Standard & Poor’s Ratings Services announced that it has affirmed its “A” counterparty credit and financial strength ratings on Bermuda’s Axis Specialty Ltd. and its operating units: Axis Specialty Europe Ltd., Axis Specialty Insurance Co., Axis Reinsurance Co., and Axis Surplus Insurance Co.
S&P also said it has assigned its ‘A’ counterparty credit and financial strength ratings to Axis Re Ltd., the reinsurance subsidiary that writes global reinsurance from Ireland and its branch in Zurich. “The rating is based on a 75 percent quota share treaty and a stop-loss treaty attaching at an 80 percent loss ratio and capped at 120 percent, both with lead company Axis Specialty Ltd,” said S&P.
The outlook on all of the companies is stable. S&P said it “expects Axis to continue to generate very strong average operating returns, though results in any period are subject to volatility from large losses. Capital adequacy is expected to remain very strong and at the current rating level.”
The rating agency listed the following as “Major Rating Factors:”
— Seasoned management, ownership, and sponsorship. Management’s strength is in both its depth and breadth, with proven track records at Lloyd’s, in Bermuda, and in other jurisdictions as well as expertise in property and specialty lines of business. Most have extensive relationships with insurers and clients that have contributed to Axis’s acquisition of its initial book of business over the past two years. Management and all staff own shares in the company, aggregating 5 percent of outstanding common.

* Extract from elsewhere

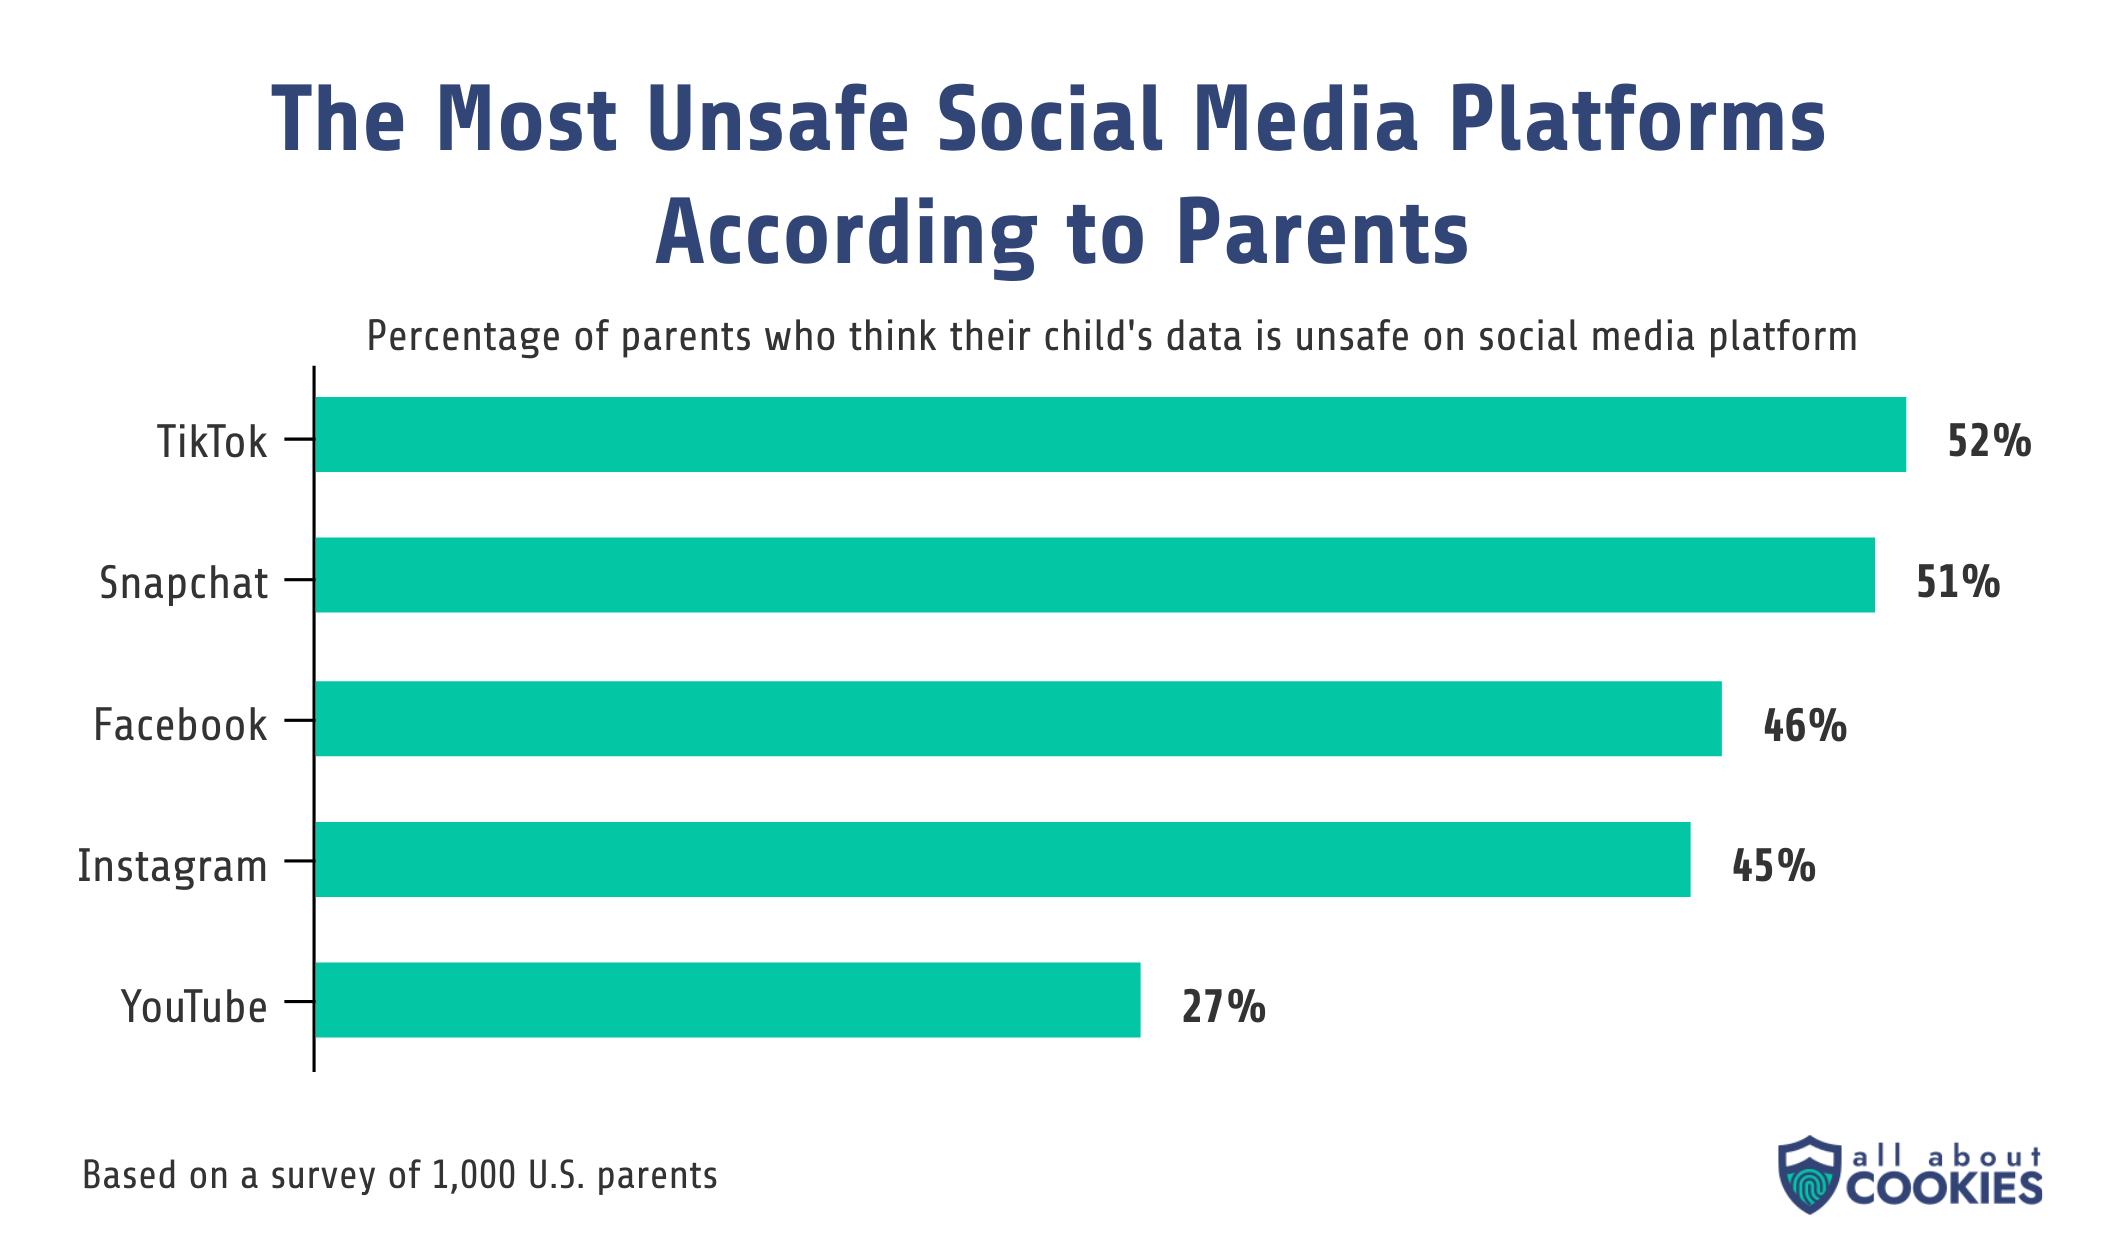 A bar chart showing the most unsafe social media platforms according to parents. TikTok ranks at number one with 52% of parents thinking it's unsafe, while Snapchat, Facebook, and Instagram rank second, third, and fourth.

— Extremely strong current capital. Capitalization is substantial on an absolute basis and currently at a ‘AAA’ standard. Axis’s capital adequacy ratio, based on Standard & Poor’s risk-based capital adequacy model for property/casualty insurers, was 237 percent as of Dec. 31, 2003. Capital adequacy is expected to remain a rating strength.
— Very strong initial operating results. For 2002 and 2003, Axis has generated extremely strong underwriting and operating performance, with combined ratios averaging 72 percent. At year-end 2003, 81 percent of loss reserves were held as IBNR as a cushion for potential loss development. Even without financial leverage, Axis’s ROE was 22 percent and ROR was 33 percent in 2003, which compares favorably with those of its peers.
— Good risk management. Management demonstrates a sound understanding of the underwriting strengths and weaknesses of business it writes, with a good grasp of pricing, risk selection, attachments points, policy limits, loss modeling, and reinsurance. Axis uses technology actively and also peer-reviews all risks.
— Extremely strong balance sheet. Axis has an extremely strong balance sheet funded entirely with common equity, very few intangibles, no legacy reserve or recoverable concerns, and a healthy reserve balance.
— Short track record. Although Axis has demonstrated very strong operating performance to date, it has a short nine-quarter track record, and the ability of its franchise to navigate weak markets is as yet untested.
— High-risk coverages. Axis’s management team has considerable experience in what are considered higher risk coverages, such as terrorism/war and political risk. Although risk is well controlled and monitored, Axis has the potential to suffer high-severity losses at any given time and may be subject to higher volatility in its operating performance than has been realized to date. This risk is mitigated by conservative reserving and an extremely strong balance sheet.”